E só por hoje eu me permiti usar você no lugar do “ele”. Na verdade eu precisei. Porque você não entende quanto tudo isso é complicado para mim. Porque precisa me ler para entender. Para sentir do jeito que eu sinto. Porque para você tudo é simples. Mas para mim ainda é tão difícil. Porque estarmos juntos é difícil, mas estar sem você é ausência. É também estar sem mim. Porque ninguém antes havia me despertado tamanha intensidade de desejo. Tanta necessidade de sensação física. Física e emocional. Porque me trouxe esse anseio mais fervoroso. Conseguiu. Essa pulsação da alma que eu sempre busquei. Esse desejo que hoje se tornou vital. Mas só o que eu te peço é: apenas me ame.
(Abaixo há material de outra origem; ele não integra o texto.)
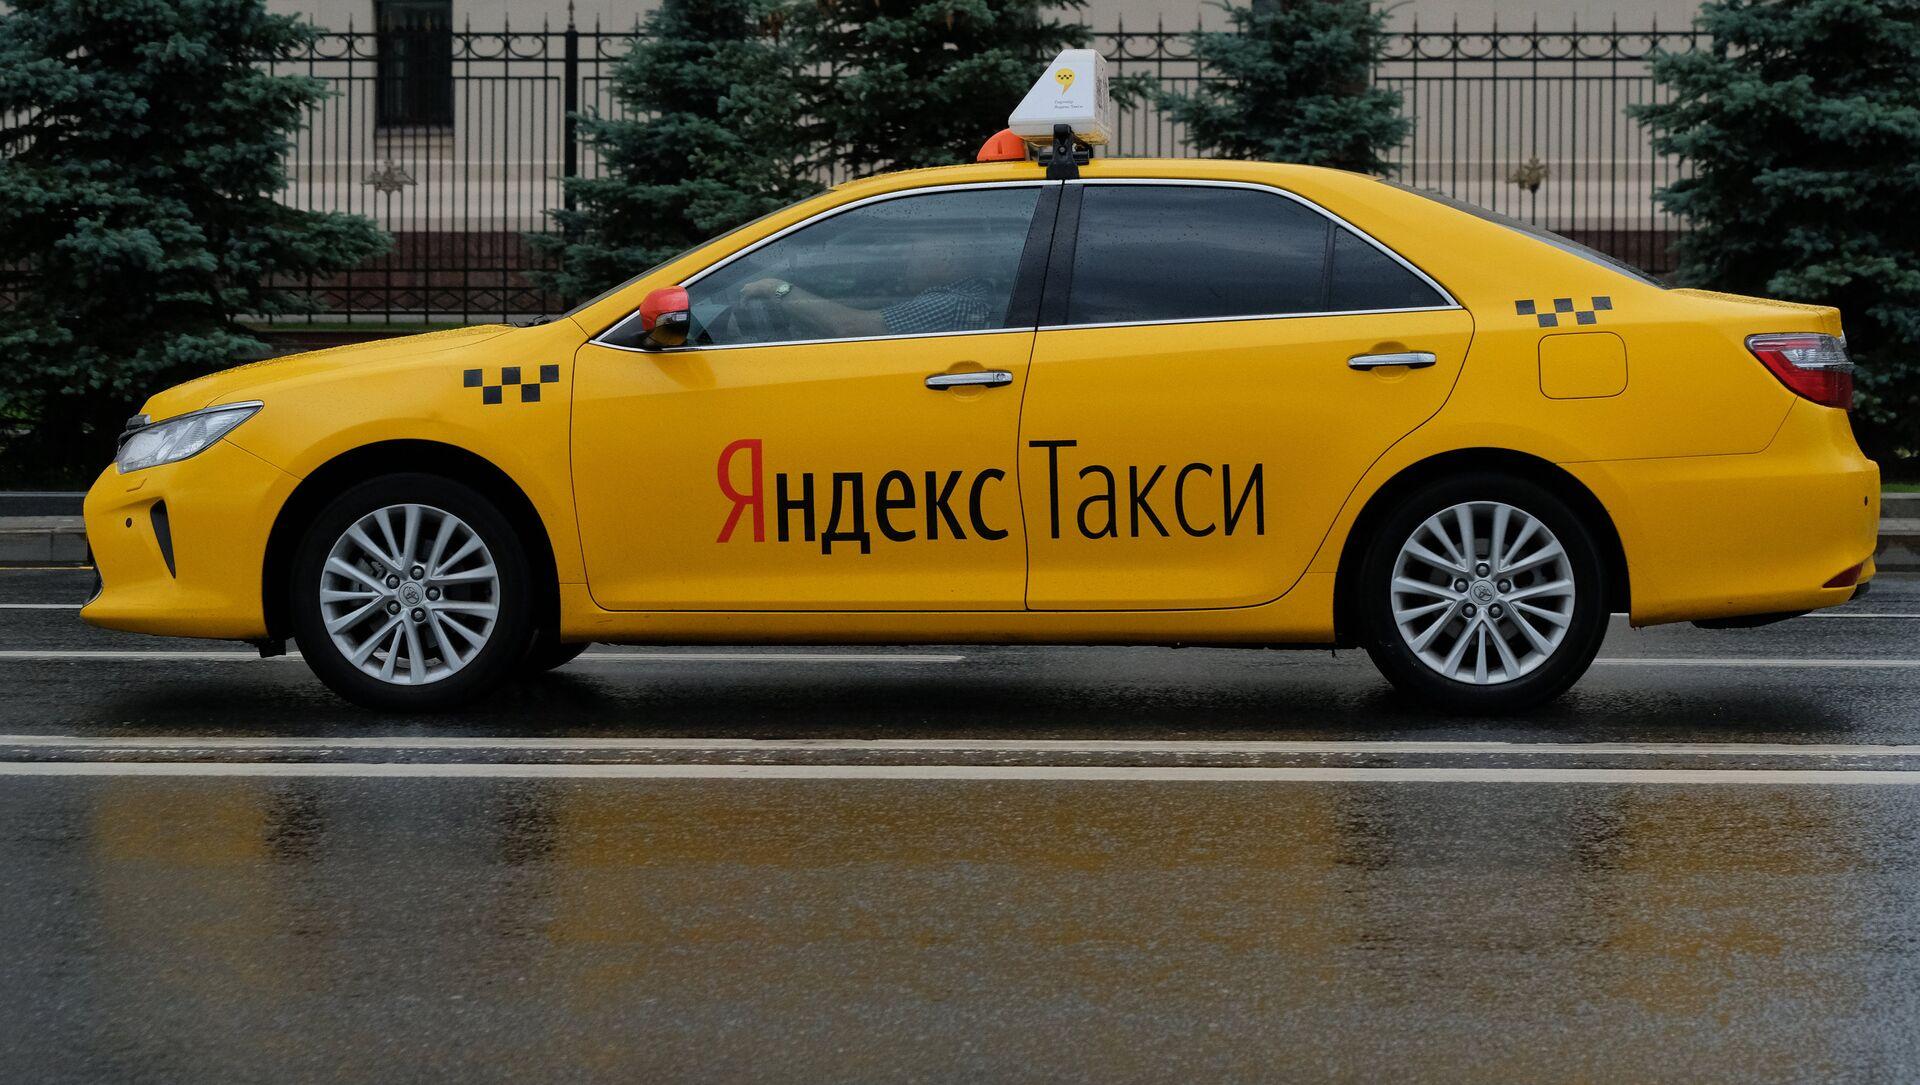 Yandex Taxi  - Sputnik Việt Nam, 1920, 09.09.2021

Ou me mande embora. Mas não diga que “me precisa”, não deixe que eu me apaixone. Por favor, não deixe eu me agarrar a esse amor para depois descobrir que ele acabou antes mesmo de eu saber. Antes mesmo de eu saber o que é te amar.

Indigestão

Se ele ao menos soubesse o quanto relutei para escrever hoje. Desde aquele adeus, vivo no meio de aflições e angústias. Cheguei a um estado febril. Passei semanas anestesiada, tentando sobreviver com enjoos, como se algo não tivesse sido ainda digerido. E eu precisei escrever aqui. Como enfiar o dedo na garganta para vomitar depois de um porre. Mas o porre aqui é emocional. Visceral. Porque escrever “a gente” dói. Dói porque é como materializar algo. Algo que na minha cabeça ainda é bonito demais para acabar assim. Intenso demais para ser só isso. E escrever pede responsabilidade. Responsabilidade pelo não que eu não quero dizer. Pelo não que eu preciso quando o que eu mais queria era dizer sim. Quando queria apenas esquecer o mundo e viver “nós”. Viver talvez essas entrelinhas, entre nós, entre esses nós. Porque terminar uma história é quase fácil. Mas terminar no papel é um martírio. Mas é só assim que eu sei. É assim que eu faço. É assim que eu vivo. As coisas só começam ou terminam mesmo na ponta da caneta. E não pense que é fácil. Chego a sentir dor física. E quando acontece é quase insignificante perto do que sinto internamente. Calafrios e náuseas. Como se cada palavra saísse cortando, me rasgando a pele sem anestesia e penetrando no mais fundo, naquilo que eu tenho de mais íntimo. Naquele ponto do inexplicável. Aquele que só é possível chegar pela força da escrita.

Xeque-Mate

Ele vai embora quando todos os outros me pedem para ficar. Ele me deixa sozinha no momento que eu mais o desejo. Ele joga comigo de um jeito que sempre perco. Usa e abusa. Táticas, estratégias, armadilhas. Logo eu, que me acostumei a ganhar,  agora só preciso mesmo de um empate. Porque estar com ele é como um vício e assim eu aposto todas as minhas fichas nesse jogo sem pé nem cabeça. Esse nosso jogo, onde as peças se invertem e o peão dá xeque-mate na rainha. Sem pedir nada em troca. Sem hesitar, sem pestanejar. Essa rainha que não se importa mais com seu reino e que agora tem apenas uma certeza: não pode mais resistir.